4. Dataset Binding with Google Cloud Storage¶
We will create a GCS cloud function to continuously sync a bucket with Dataloop’s Dataset
If you want to catch events from the GCS bucket and update the Dataloop Dataset you need to set up a Cloud function.The function will catch the GCS bucket events and will reflect them into the Dataloop Platform.
4.1. Create the cloud function¶
Create a cloud function for create event (must add the environment variables DATASET_ID, DTLPY_USERNAME and DTLPY_PASSWORD)
add_layer
add_layer
Add dtlpy to the requirements.txt
Copy the following code to the main file:
import dtlpy as dl
import os
dataset_id = os.environ.get('DATASET_ID')
dtlpy_username = os.environ.get('DTLPY_USERNAME')

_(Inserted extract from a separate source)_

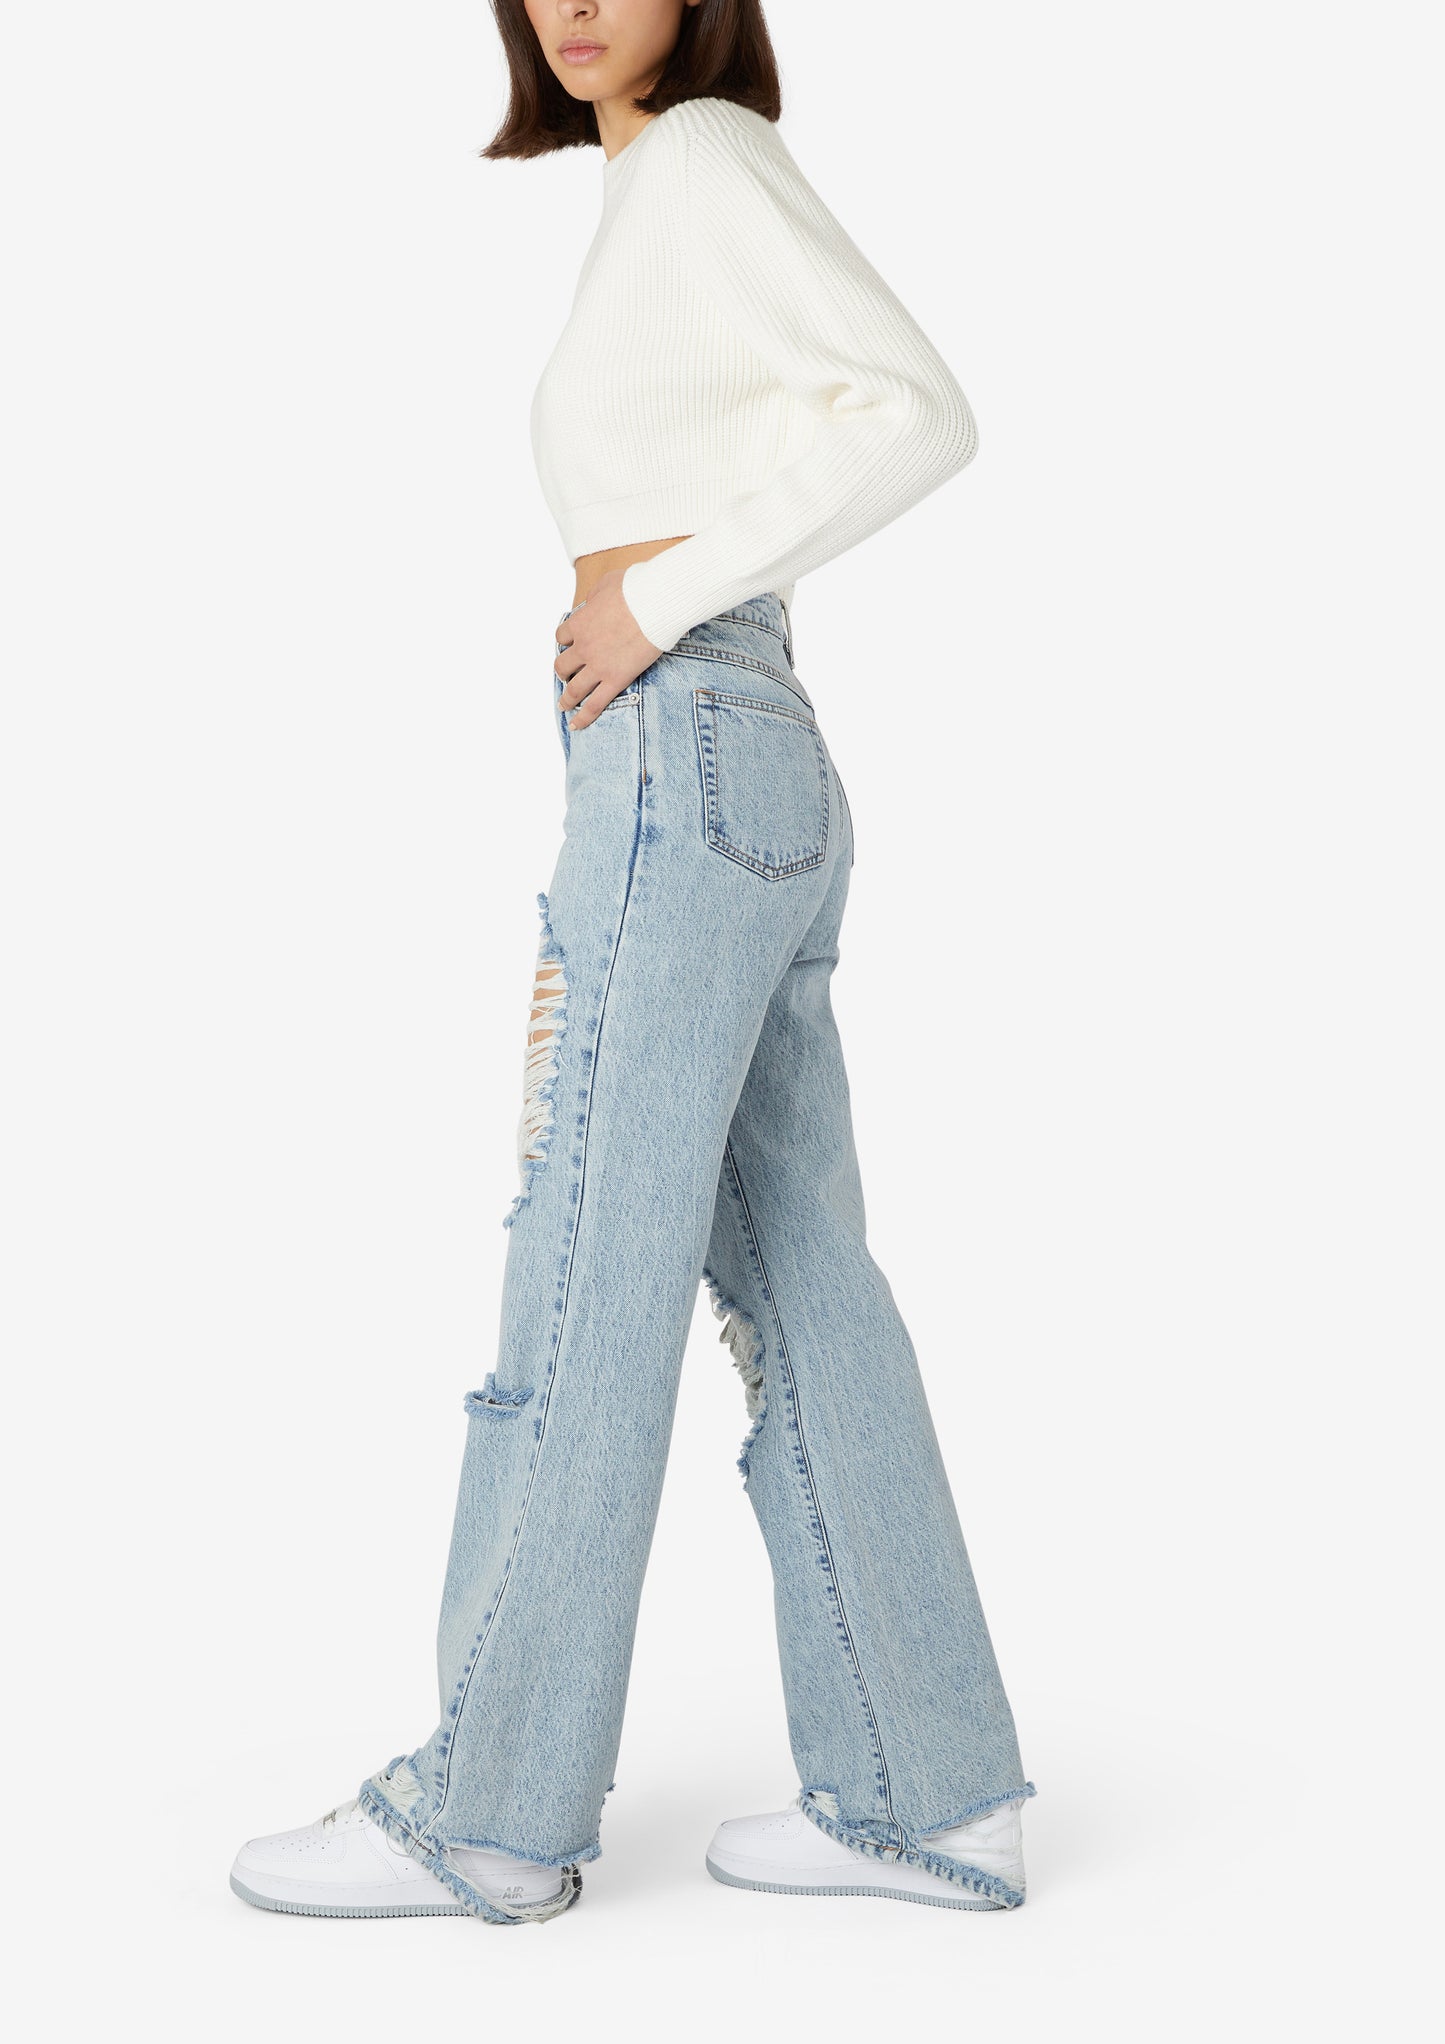 Flos Jeans - Evelyn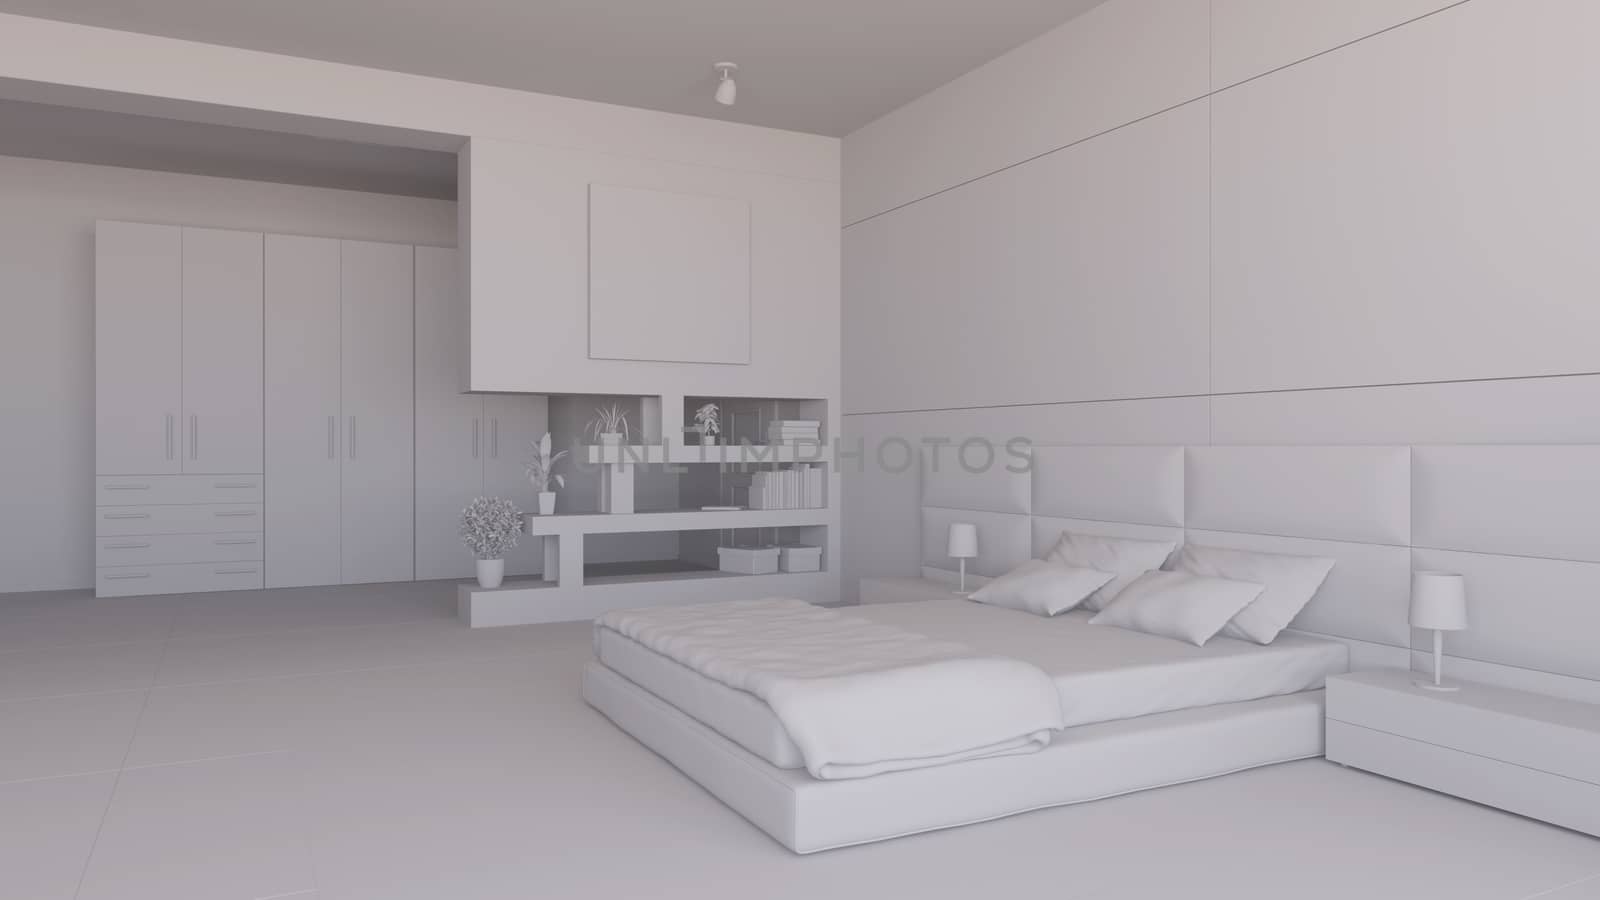 Interior render of a bedroom with some furinitures by enrico.lapponi

dtlpy_password = os.environ.get('DTLPY_PASSWORD')
def create_gcs(event, context):
"""Triggered by a change to a Cloud Storage bucket.
Args:
event (dict): Event payload.
context (google.cloud.functions.Context): Metadata for the event.
"""
file = event
dl.login_m2m(email=dtlpy_username, password=dtlpy_password)
dataset = dl.datasets.get(dataset_id=dataset_id,
fetch=False # to avoid GET the dataset each time
)
file_name = 'external://' + file['name']
dataset.items.upload(local_path=file_name)
create another function for delete with delete event with this code
import dtlpy as dl
import os
dataset_id = os.environ.get('DATASET_ID')
dtlpy_username = os.environ.get('DTLPY_USERNAME')
dtlpy_password = os.environ.get('DTLPY_PASSWORD')
def delete_gcs(event, context):
"""Triggered by a change to a Cloud Storage bucket.
Args:
event (dict): Event payload.
context (google.cloud.functions.Context): Metadata for the event.
"""
file = event
dl.login_m2m(email=dtlpy_username, password=dtlpy_password)
dataset = dl.datasets.get(dataset_id=dataset_id,
fetch=False # to avoid GET the dataset each time
)
file_name = file['name']
dataset.items.delete(filename=file_name)
Deploy and you’re good to go!